Le développement du prochain modèle OM-35 a été promu en augmentant la puissance du moteur à 23 ch. tout en maintenant le châssis avec une carrosserie à parois hautes pour le transport de marchandises polyvalentes. Un an plus tard, la variante OM-36M a été créée avec des sièges en bois à l’arrière pour le transport du personnel, des roues de 18 pouces avec pneumatiques et une roue de secours à l’arrière.
Camion polyvalent de 23 chevaux OM-35 de la première modernisation
Version modifiée de l’OM-36M sur roues à pneumatiques
Les plus progressistes étaient les soi-disant «voitures de tourisme de l’armée» OM-36R avec des carrosseries ouvertes spéciales à quatre allées transversales, à travers lesquelles chaque soldat, conducteur ou commandant (11 personnes au total) pouvait facilement quitter la voiture ou reprendre sa place.
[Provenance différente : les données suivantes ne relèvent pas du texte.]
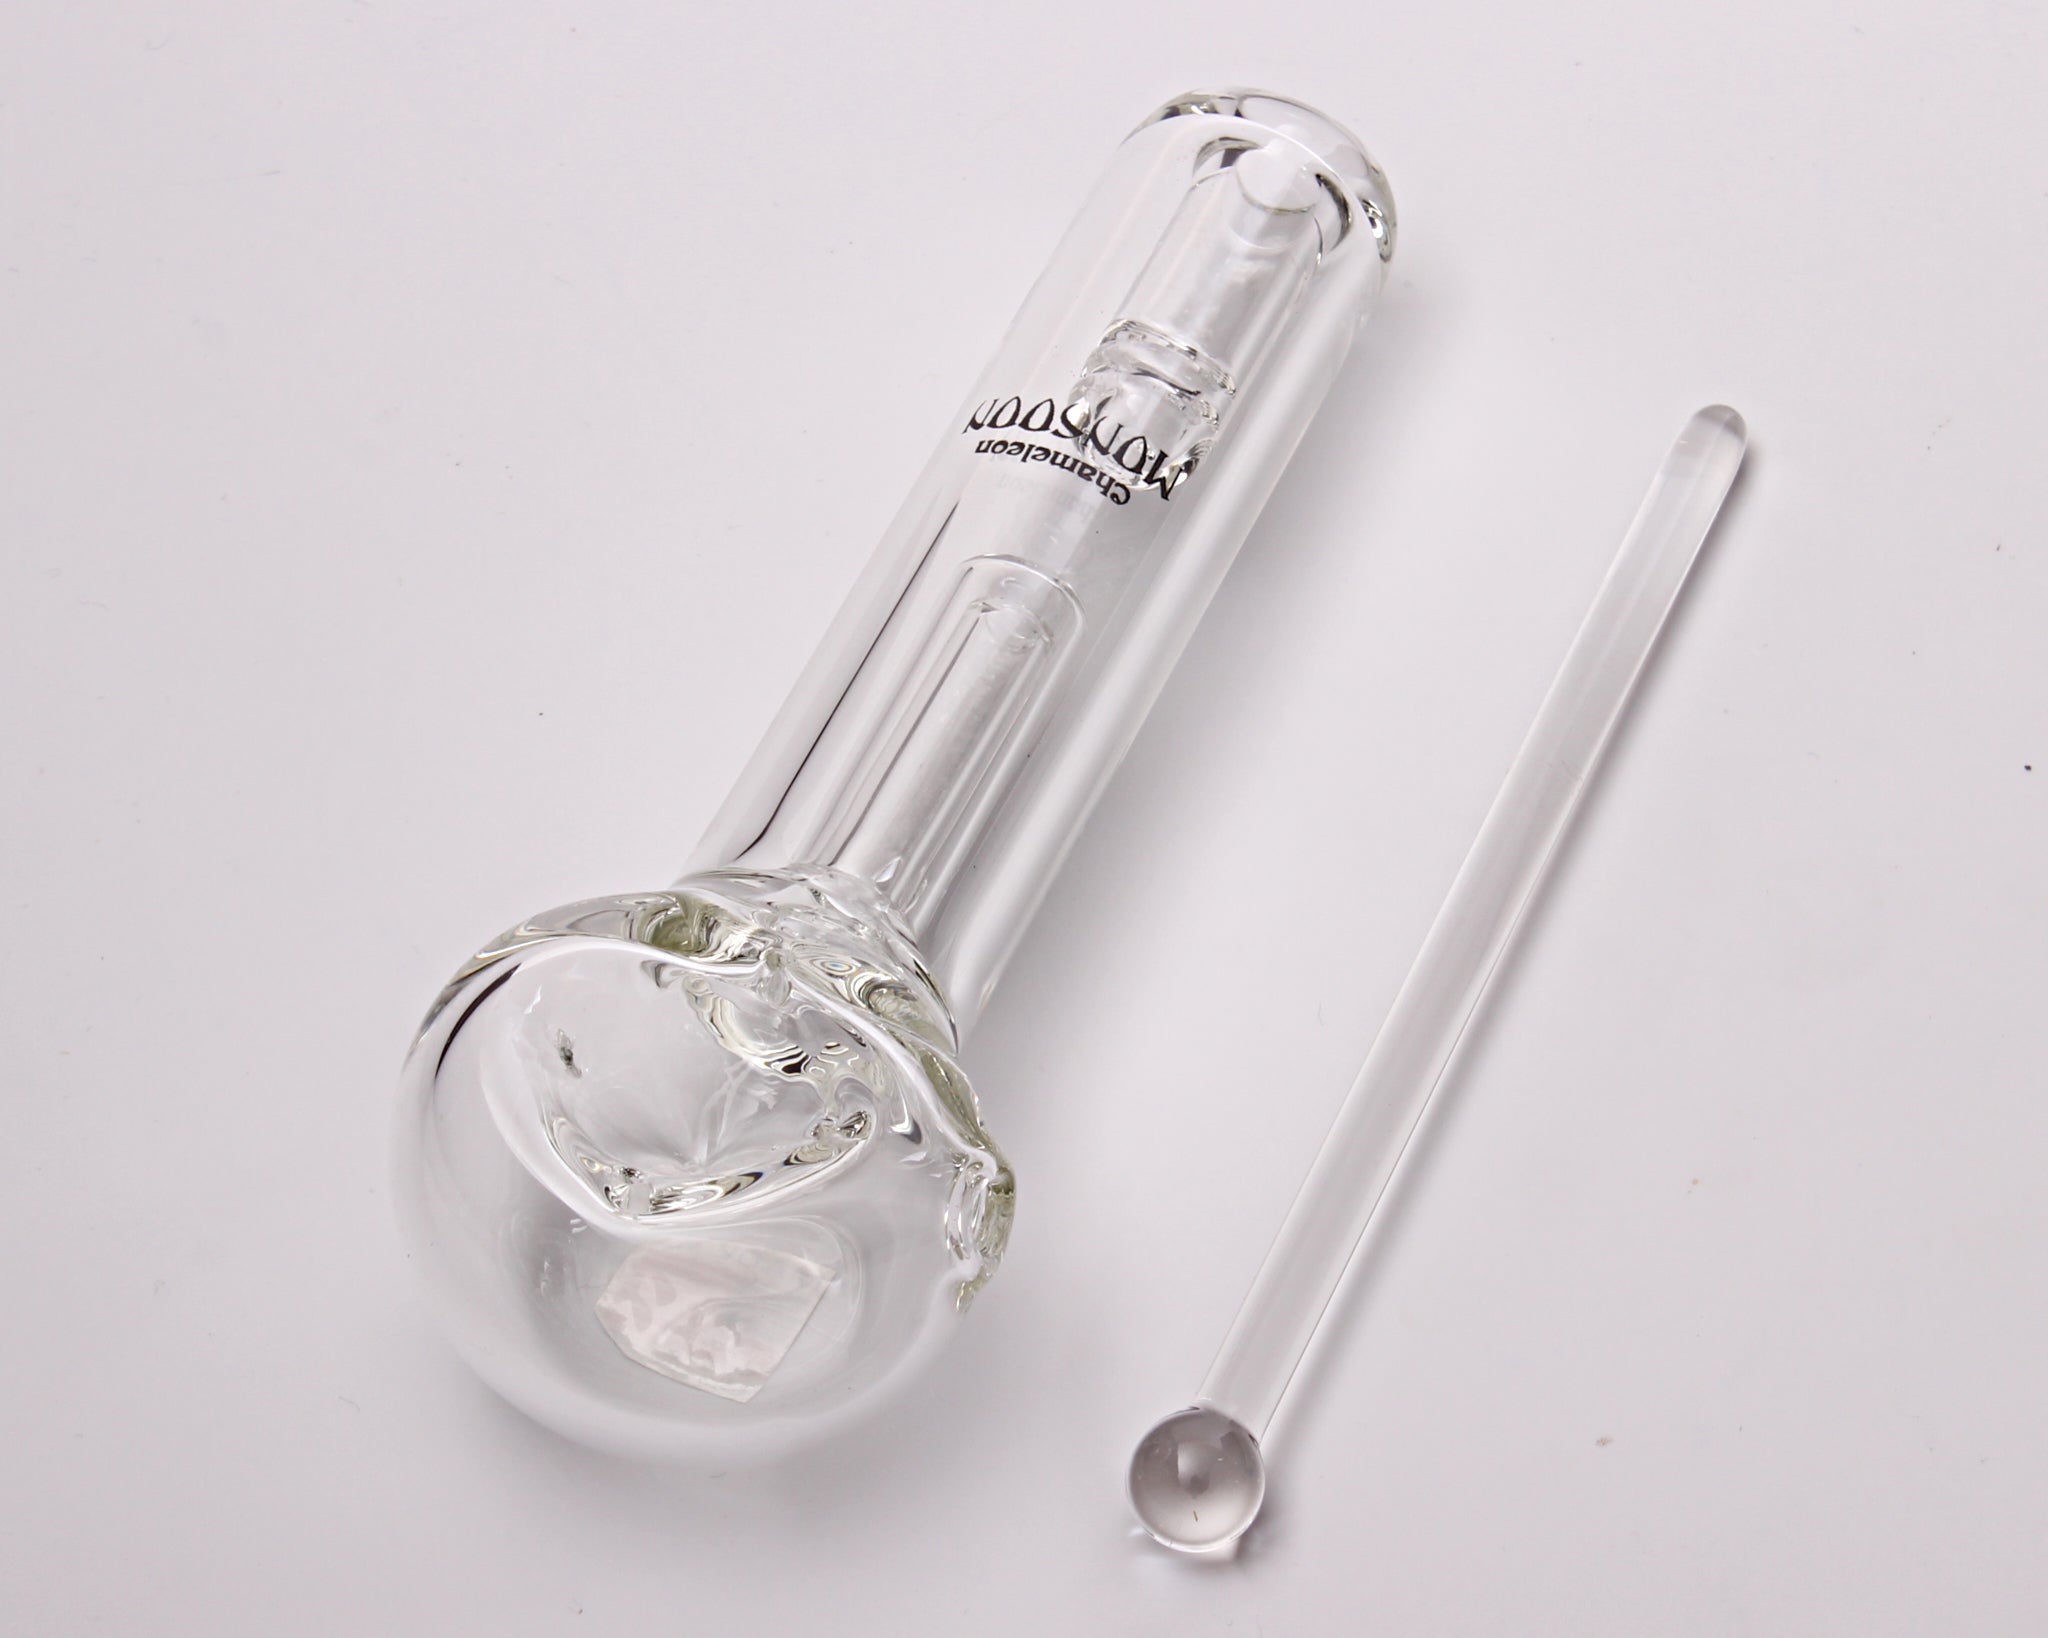 http://brotherswithglass.com/cdn/shop/products/chameleon-glass-spill-proof-monsoon-concentrate-spubbler-dab-rig-chameleon-glass-34927412347075.jpg?v=1668264158

Véhicules de montagne modèle OM-36R pour la livraison de neuf soldats dans chaque véhicule
Dans une version renforcée, le véhicule de combat OM-36 DM avec le même corps était équipé d’une ou deux mitrailleuses montées sur le haut du dossier de l’un des sièges avant. Dans cette version, l’équipage a été réduit à 7-10 soldats.
Camion de combat OM-36DM avec le même corps différait par le nombre de mitrailleuses sur le rack
La seule nouveauté du dernier modèle OM-37 était une boîte de vitesses avec différentiel autobloquant intégré.
À partir de 1939, les machines de la série OM-32, qui développaient une vitesse de 23 à 34 km / h, étaient en service avec l’Italie, il y en avait 2,7 mille
La photo de titre montre une voiture OM-35 de 23 chevaux de l’armée pour les tireurs de montagne italiens, conservée au Musée belge du Mémorial de la Victoire.